Chris Cortazzo and the house at 33618 Pacific Coast Highway
Chris Cortazzo and the house at 33618 Pacific Coast Highway

The California Supreme Court ruled Monday that a real estate brokerage representing both the buyer and seller in a deal owes the same fiduciary responsibilities to each party, potentially setting a significant precedent for how information is shared in so-called “dual-agency transactions.”

In a unanimous decision, the court ruled in Horiike v. Coldwell Banker that a when an agent representing a seller is working for the same firm as the agent representing the buyer, they become an “associate licensee” and must properly investigate and disclose all important information related to the transaction.
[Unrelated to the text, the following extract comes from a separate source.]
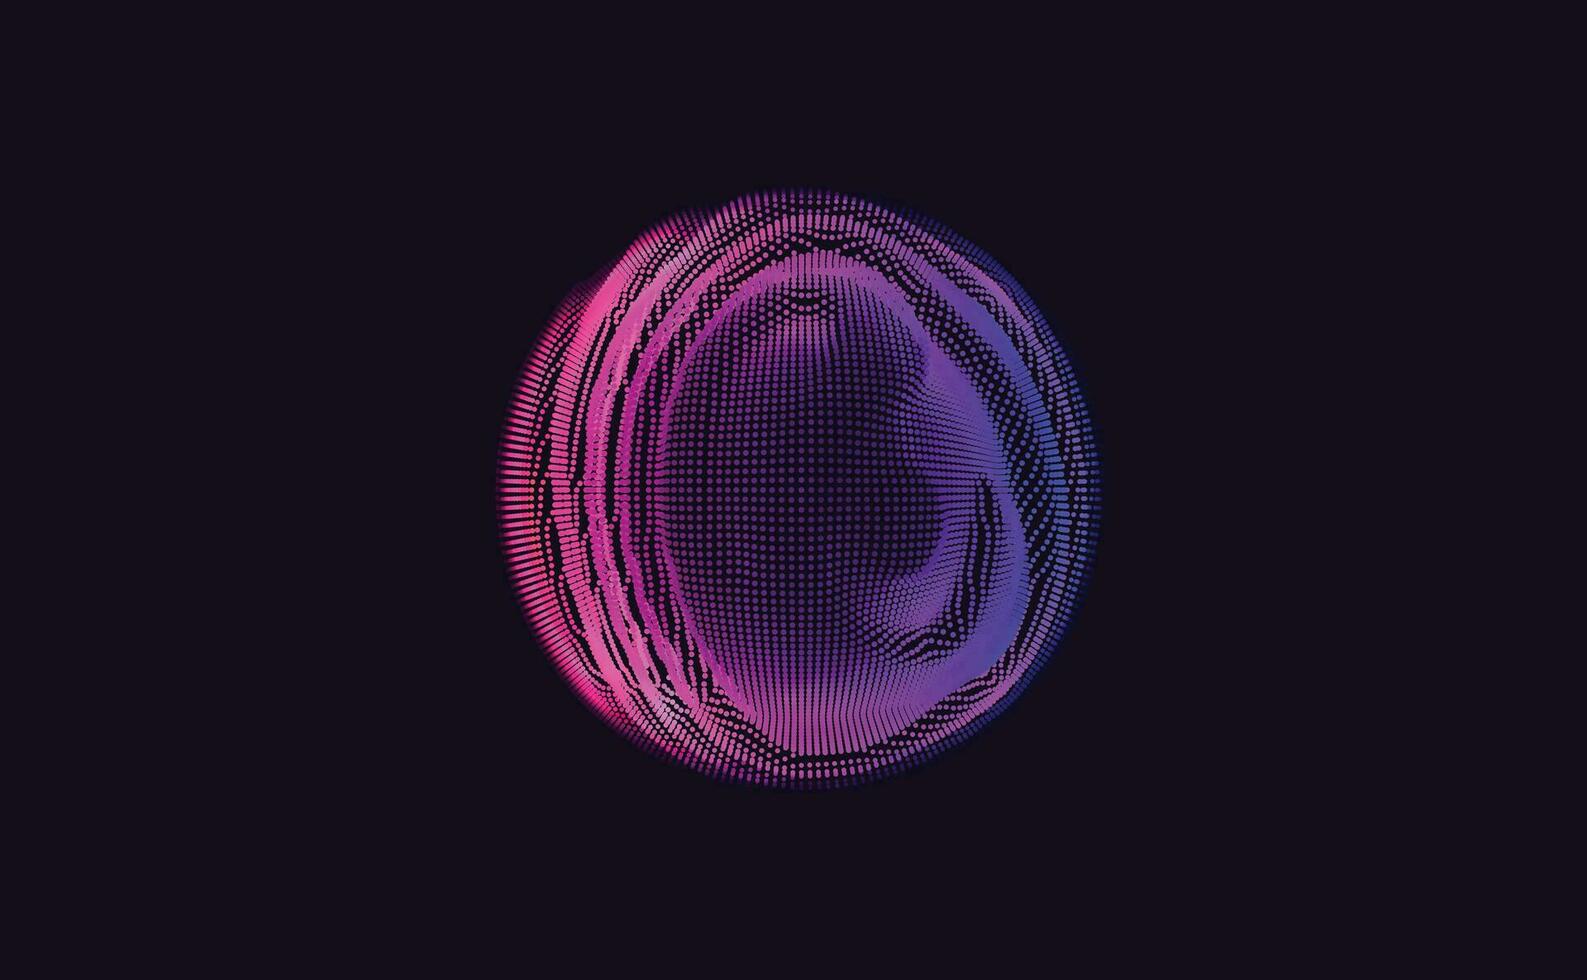 abstract digitaal cirkels van deeltjes met lawaai. futuristische circulaire geluid Golf. groot gegevens visualisatie. 3d virtueel ruimte vr cyberruimte. crypto valuta concept. vector

The case centers on a Chinese millionaire’s 2007 purchase of a Malibu mansion and the manner in which the property’s size was listed. The buyer, Hiroshi Horiike, worked through one Coldwell Banker agent, Chizuko Namba, to purchase the home. The seller was represented by another Coldwell Banker associate — celebrity realtor Chris Cortazzo, who is being sued for $3.3 million in a separate case

After his $12.25 million purchase, Horiike raised issue with the way Cortazzo advertised the property’s square footage, alleging he misrepresented its size by thousands of feet. Horiike eventually sued, losing in a lower court in 2012. However, he emerged victorious in 2014 when the California Second District Court of Appeals ruled that under the state’s Civil Code, Coldwell Banker was operating as a dual agent and owed fiduciary responsibility to Horiike through both of its agents — a decision appealed by the brokerage firm.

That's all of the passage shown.